Could you set down the listing below exactly, leaving out its pictures?

Material provided →
—————

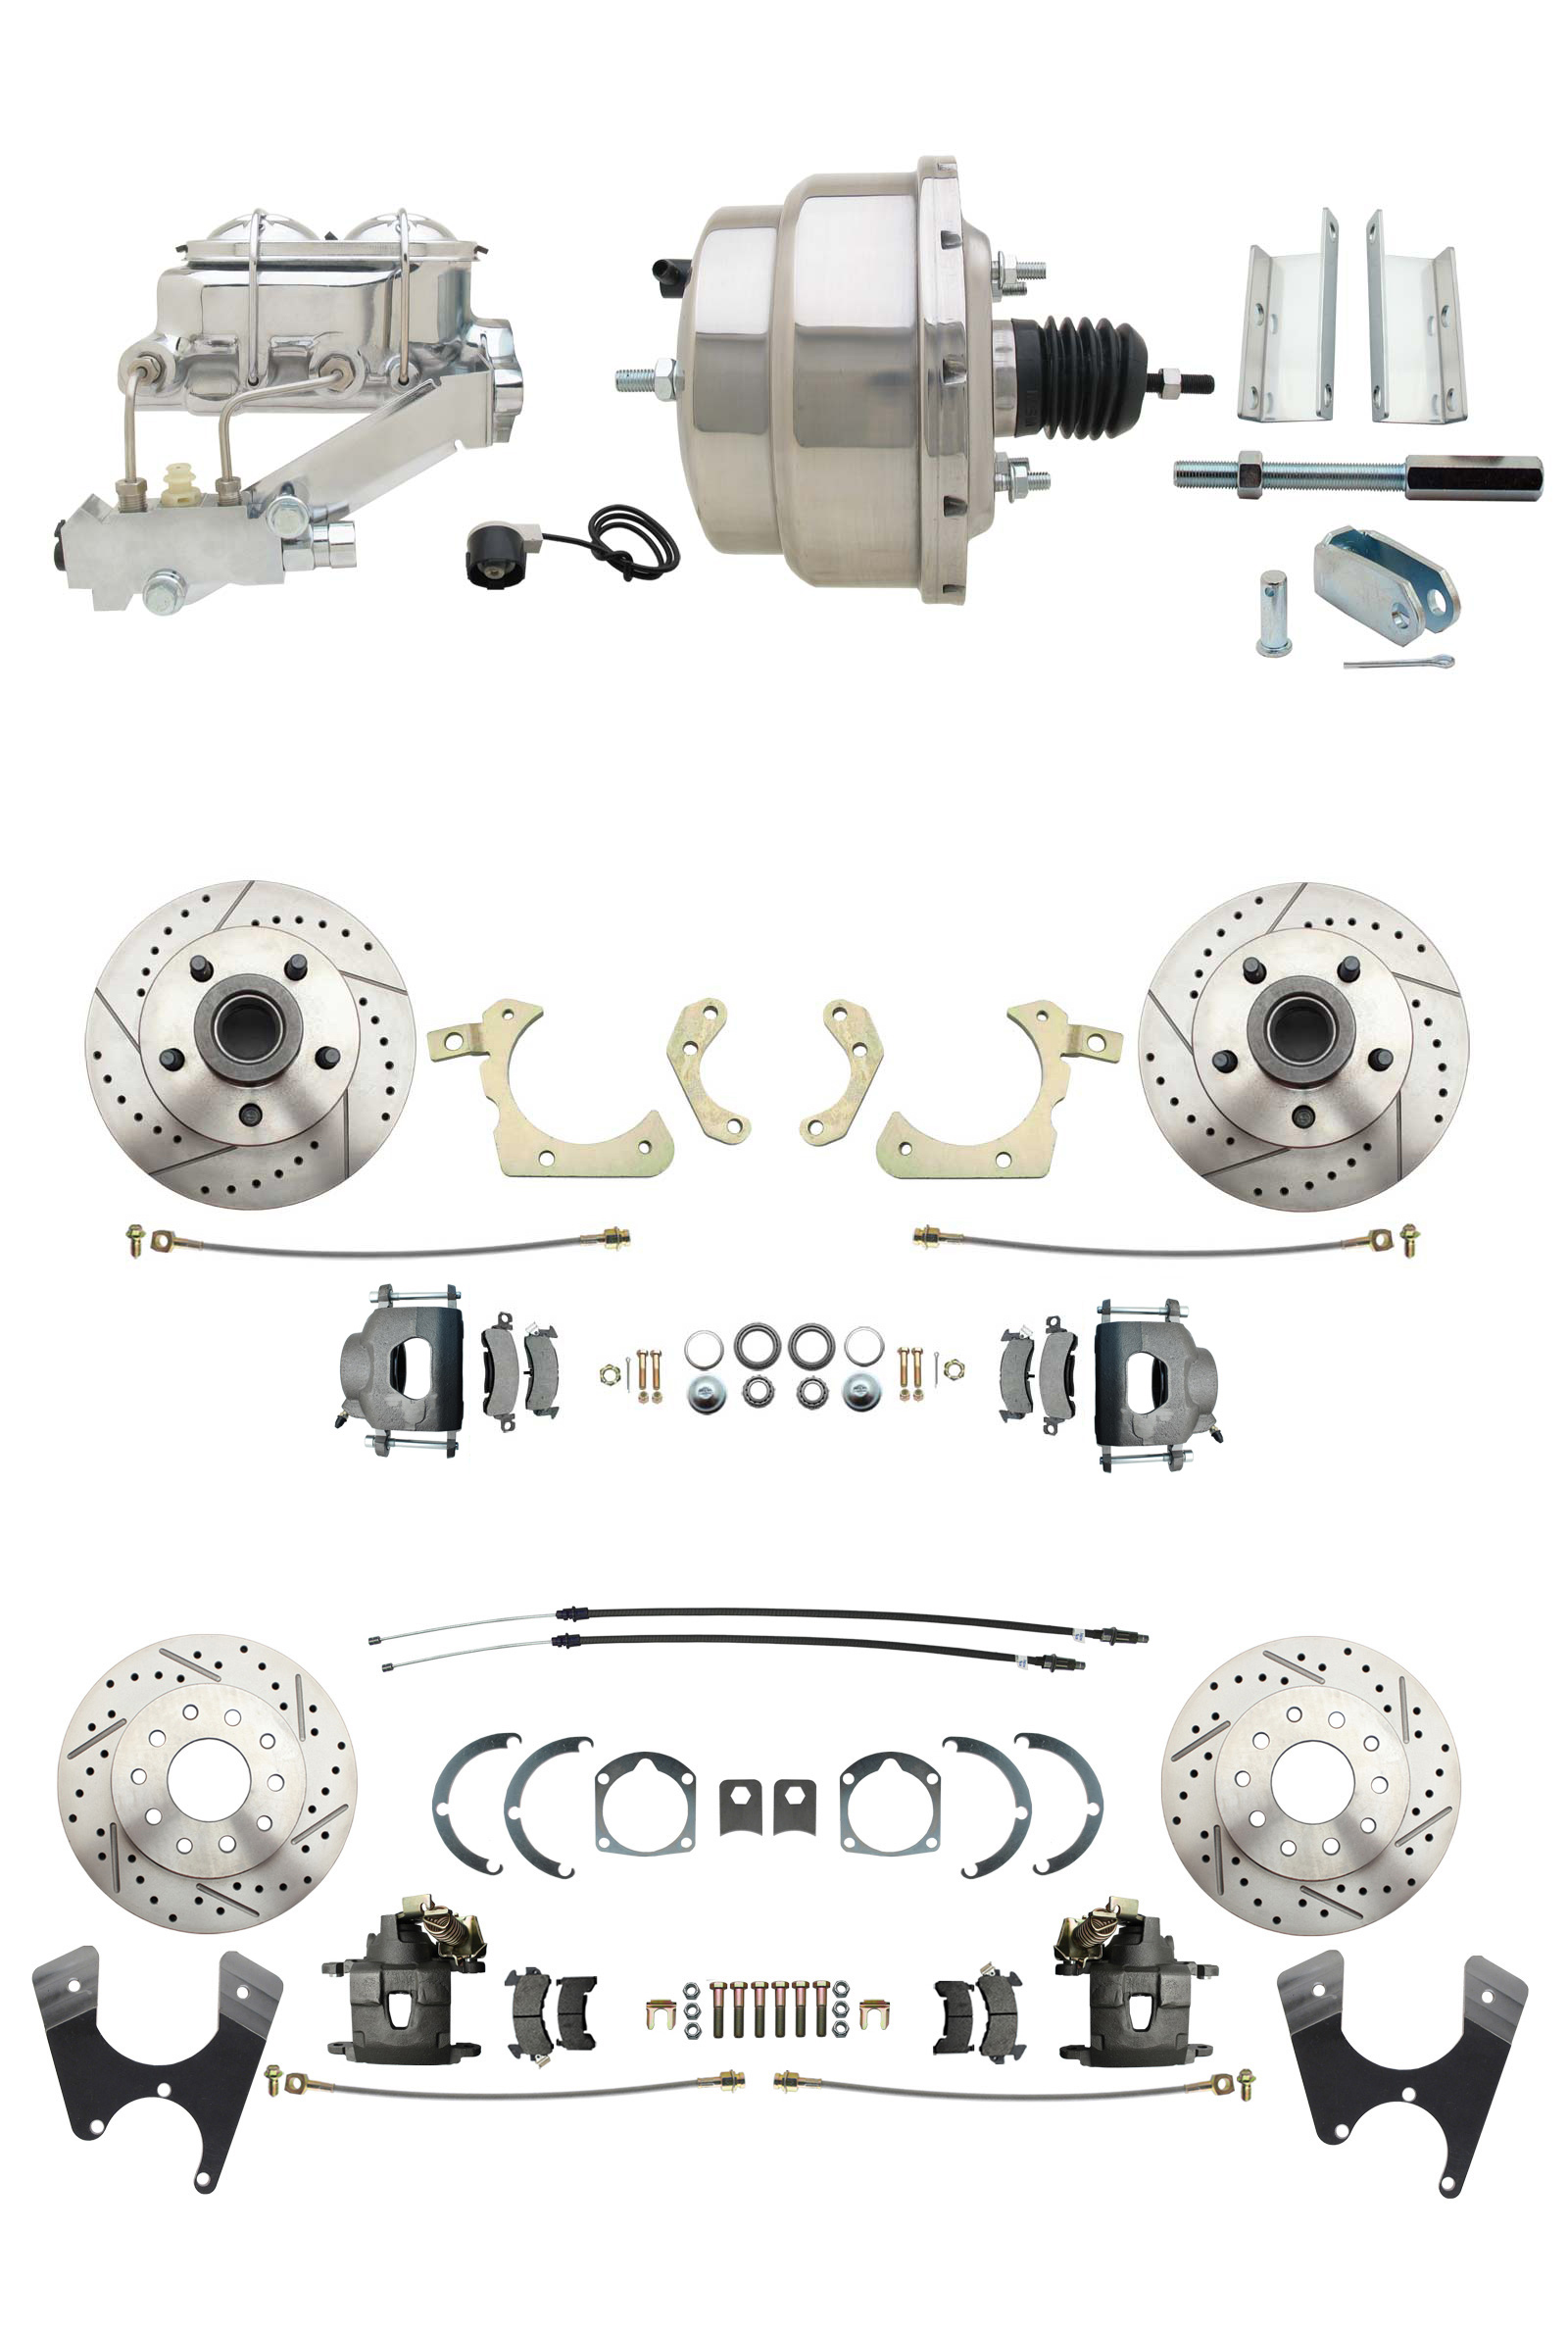 1955-1958 GM Full Size Disc Brake Kit Drilled/Slotted Rotors (Impala, Bel Air, Biscayne) & 8 Dual Stainless Steel Booster Conversion Kit W/ Chrome Master Cylinder Left Mount Disc/ Disc Proportioning Valve Kit
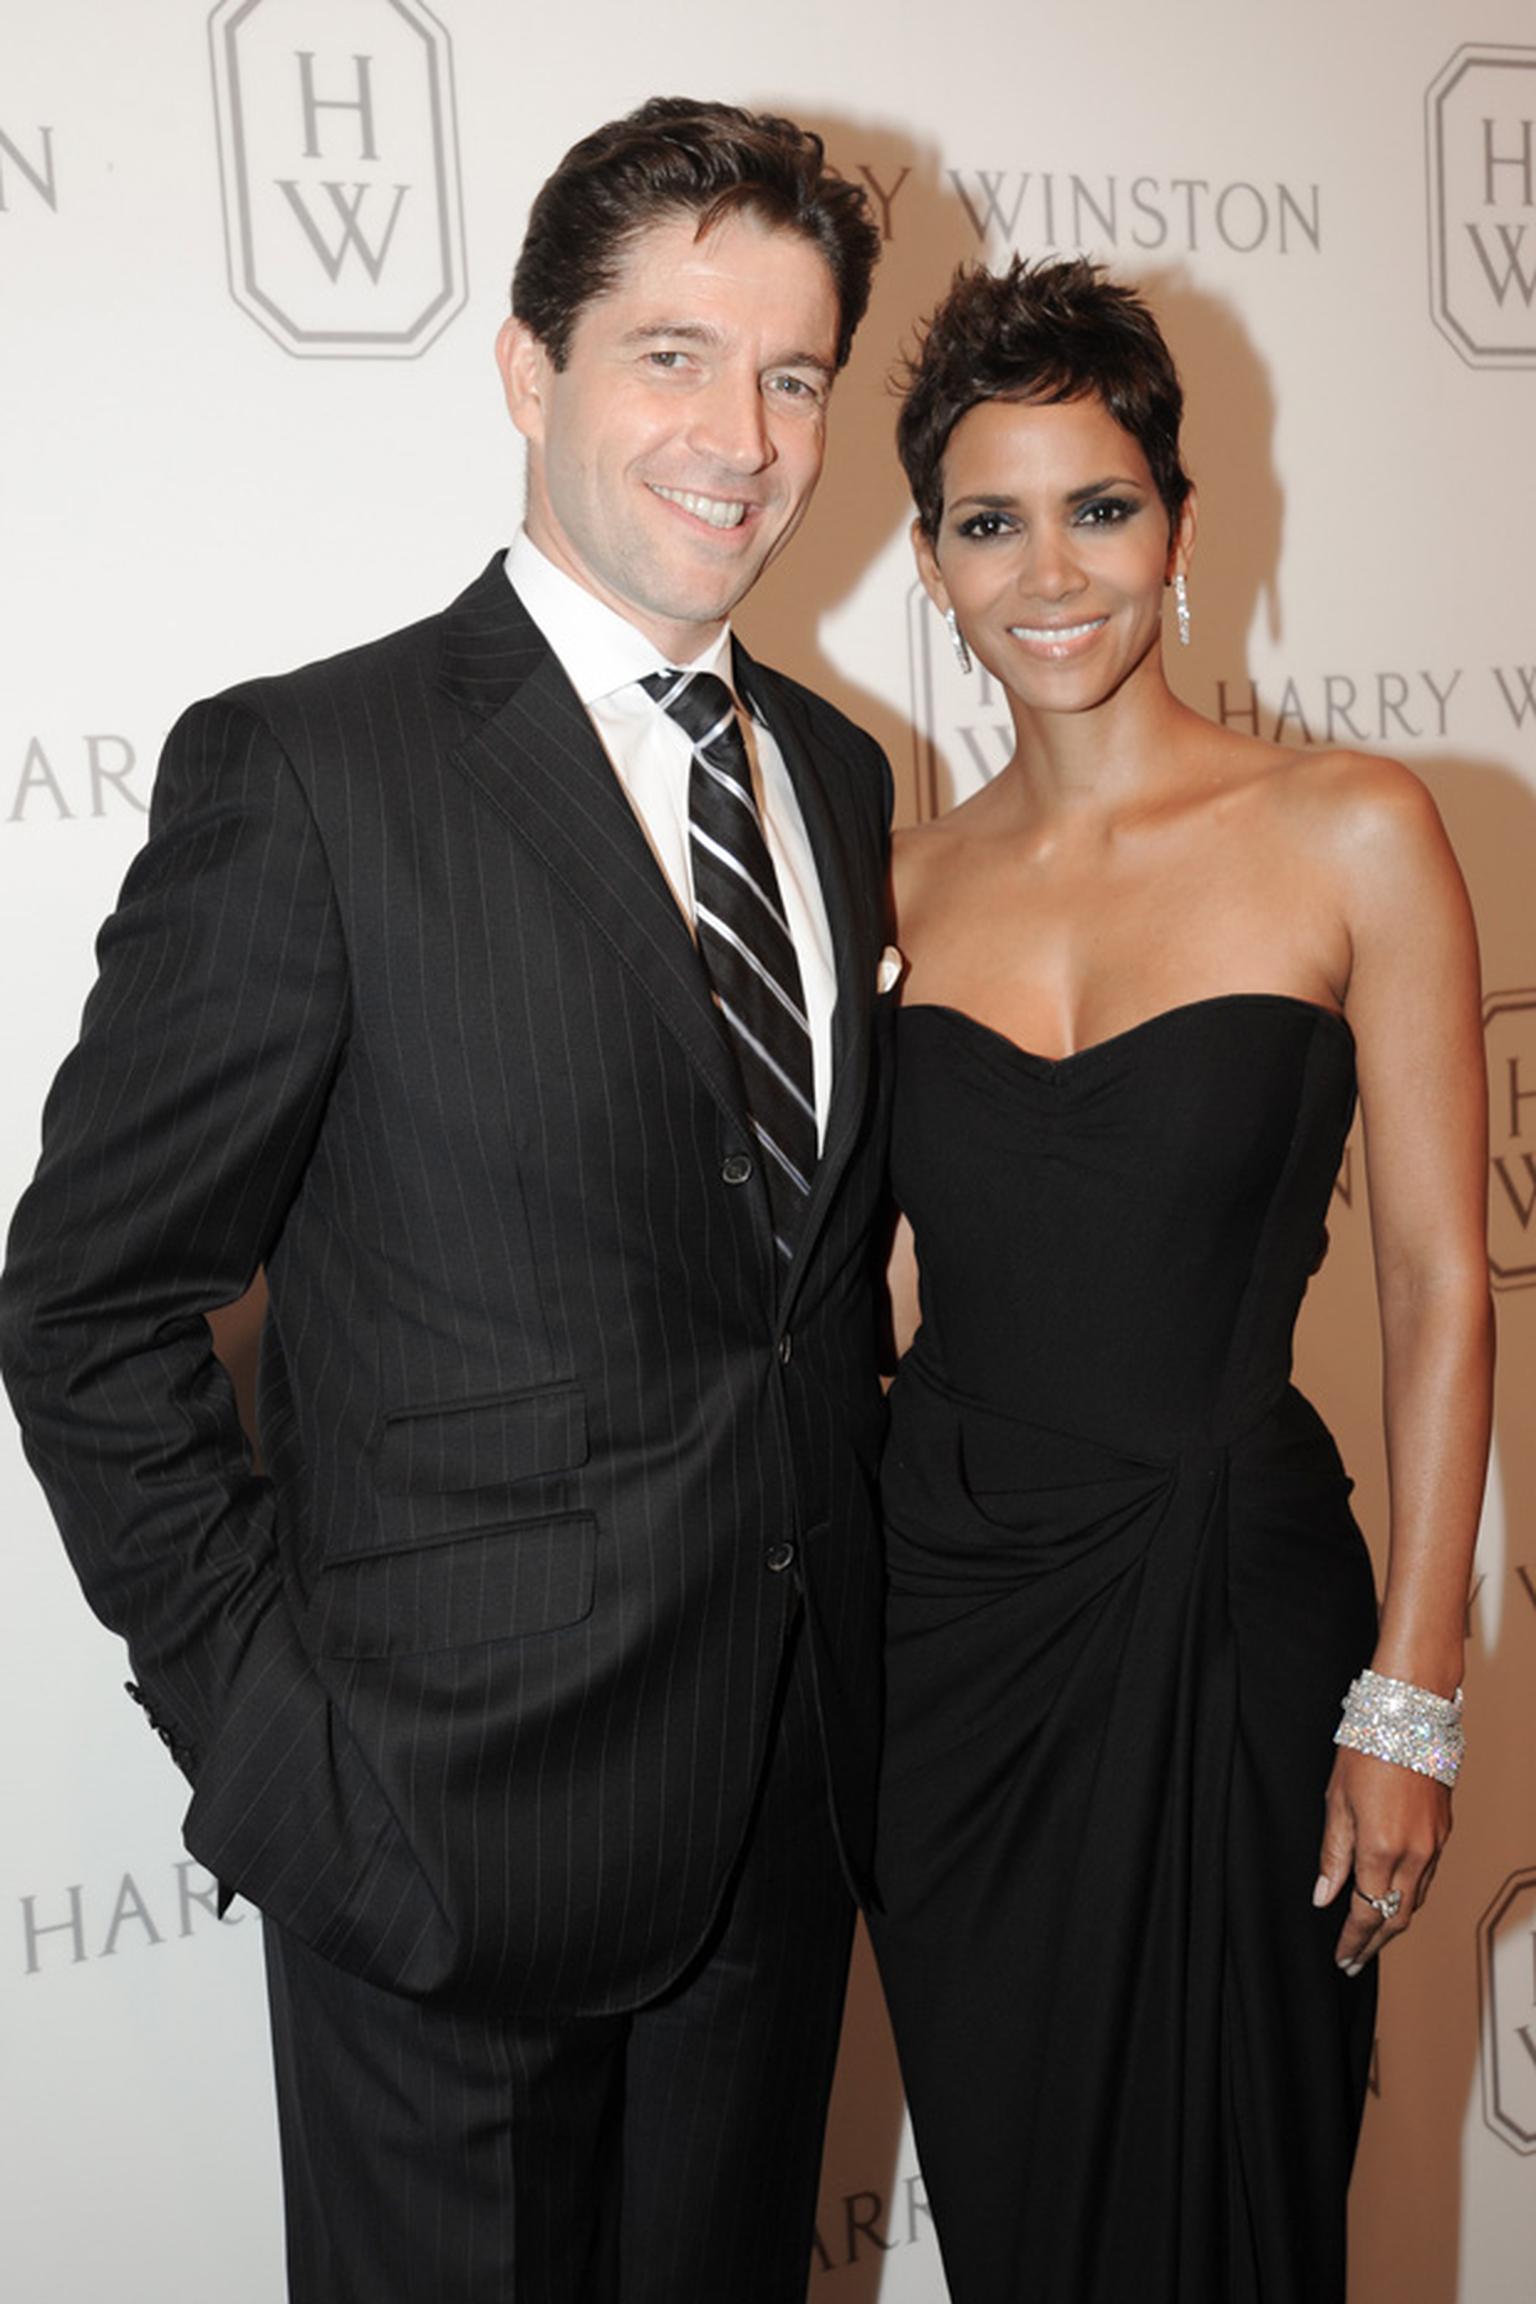 Frédéric de Narp,President & CEO, Harry Winston & Halle Berry at Court of Jewels
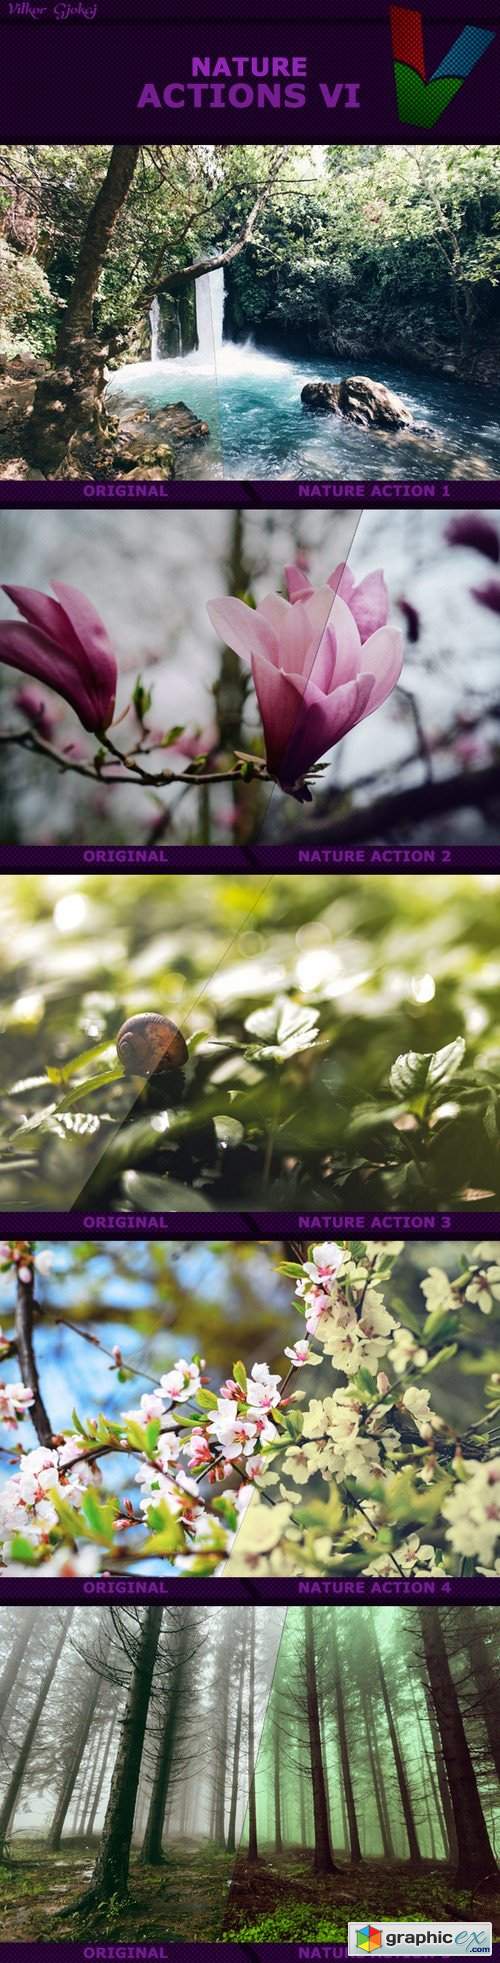 Nature Actions VI

—————

Response area →
 1955-1958 GM Full Size Disc Brake Kit Drilled/Slotted Rotors (Impala, Bel Air, Biscayne) & 8 Dual Stainless Steel Booster Conversion Kit W/ Chrome Master Cylinder Left Mount Disc/ Disc Proportioning Valve Kit
 Frédéric de Narp,President & CEO, Harry Winston & Halle Berry at Court of Jewels
 Nature Actions VI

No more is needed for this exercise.